04 January 2023, The Tablet

Lula takes office in Brazil


The outgoing president Jair Bolsonaro has left Brazil, apparently to avoid the ritual of passing on the presidential sash to his successor.


Lula takes office in Brazil

Lula greets the crowds at his inauguration wearing the presidential sash of Brazil.
Foto Arena LTDA/Alamy

The swearing in of Luiz Inácio Lula da Silva, more commonly known as Lula, as Brazilian president, which took place in the afternoon of 1 January in the capital Brasília, was also a demonstration of what is sometimes called Latin America’s “pink tide”, the group of left-wing leaders recently elected in South America.

Prominent among the leaders attending the ceremony were Chile’s Gabriel Boric and Colombia’s Gustavo Petro, Colombia’s first left-wing president and a former guerrilla.

Petro was able to start 2023 by announcing a six-month truce between his government and the still active left-wing guerrillas and a right-wing paramilitary force.

Petro can present these as the first-fruits of his signature policy of “total peace”. Also present were the president of the Venezuelan National Assembly and the Cuban vice-president, Salvador Valdés.

Venezuela and Cuba had been banned by previous president Jair Bolsonaro from sending representatives to his inauguration.

For Lula himself to be sworn in for a third term as Brazilian president is a particular vindication, since he spent almost two years in prison after being convicted of corruption. The convictions were eventually annulled by the Supreme Court in 2021.

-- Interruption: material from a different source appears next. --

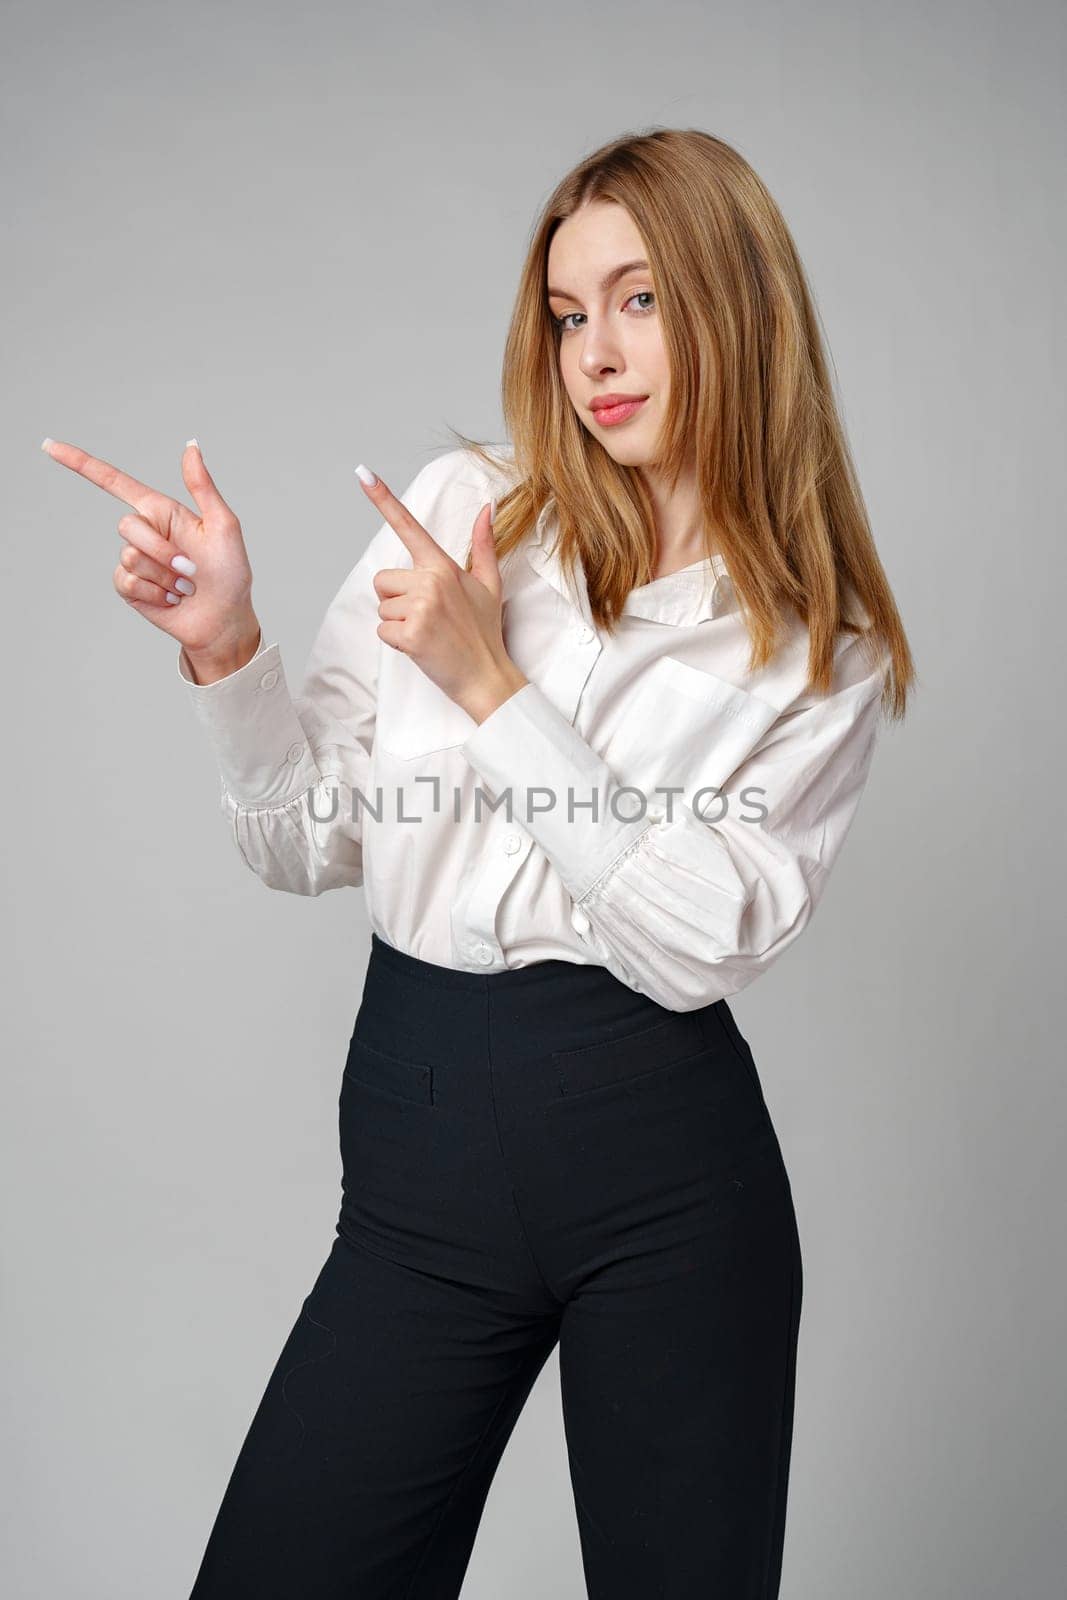 Young blonde woman in formal outfit pointing to the side against gray background in studio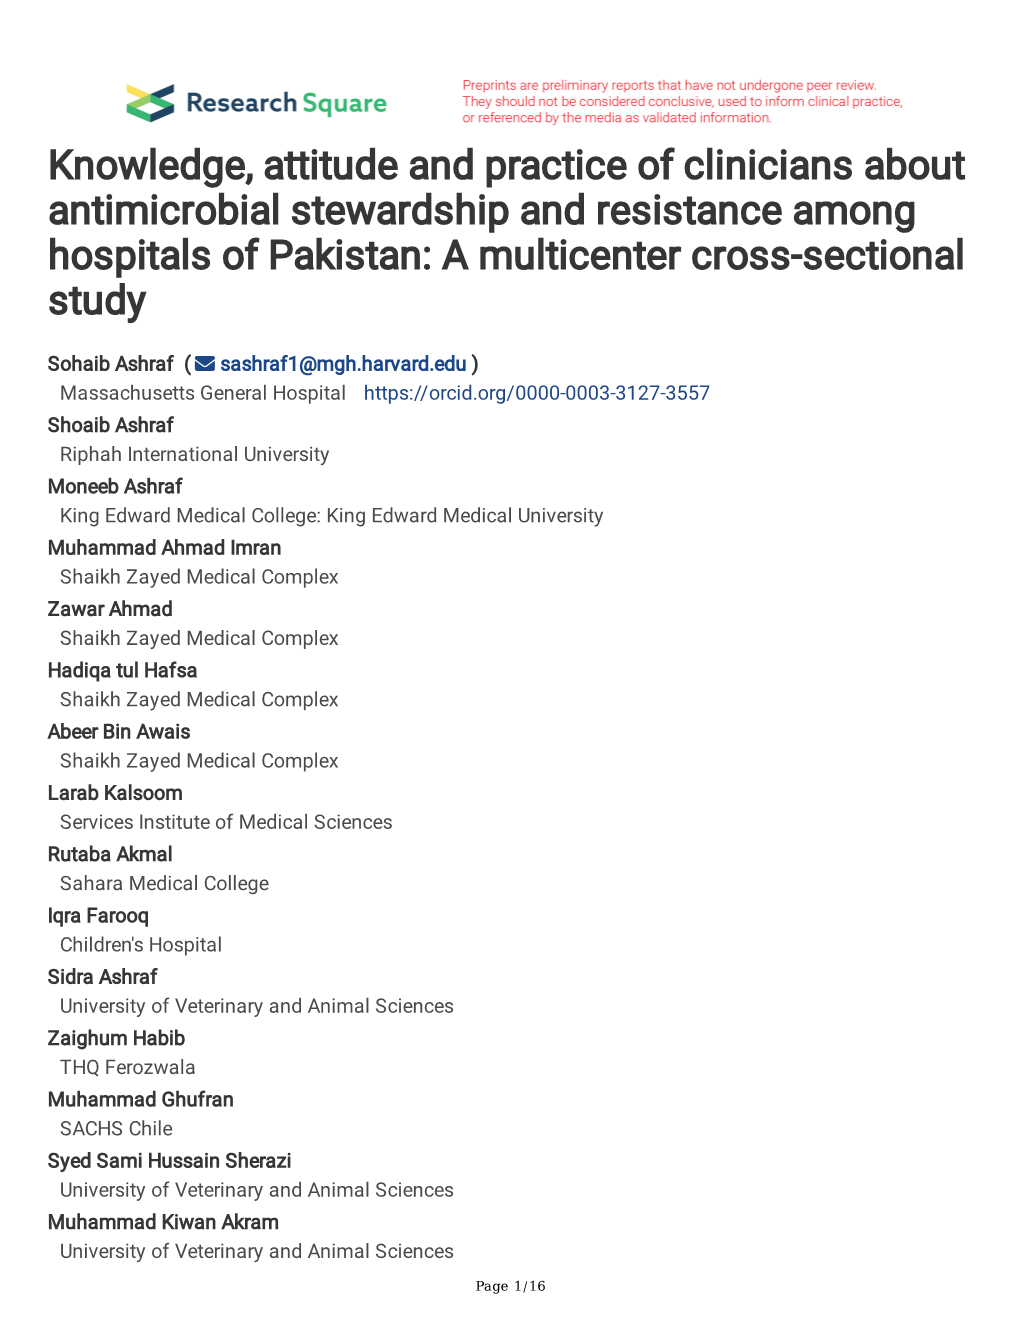 Knowledge, Attitude and Practice of Clinicians About Antimicrobial Stewardship and Resistance Among Hospitals of Pakistan: a Multicenter Cross-Sectional Study

But Lula will be a less powerful figure than in his previous terms of office. His victory was narrow, a mere 50.9 per cent of the votes, and he had to make deals with unsuccessful candidates in order to win their support in the second round of the elections.

A danger for him is that he will not be able to meet the expectations of his core supporters. Nonetheless thousands of enthusiastic Lula supporters flooded into Brasília by bus and plane, and a music festival was organised to accompany the swearing in.

Lula’s predecessor, Jair Bolsonaro, left Brazil for Florida on 30 December, apparently to avoid having to perform the traditional ritual of passing on the presidential sash to his successor.

After the ceremony the new president signed a number of decrees: he revoked Bolsonaro’s relaxation on the use of weapons and re-established the Amazon Fund, which channels foreign aid to protect the rainforest. There was also a decree banning goldmining in the region.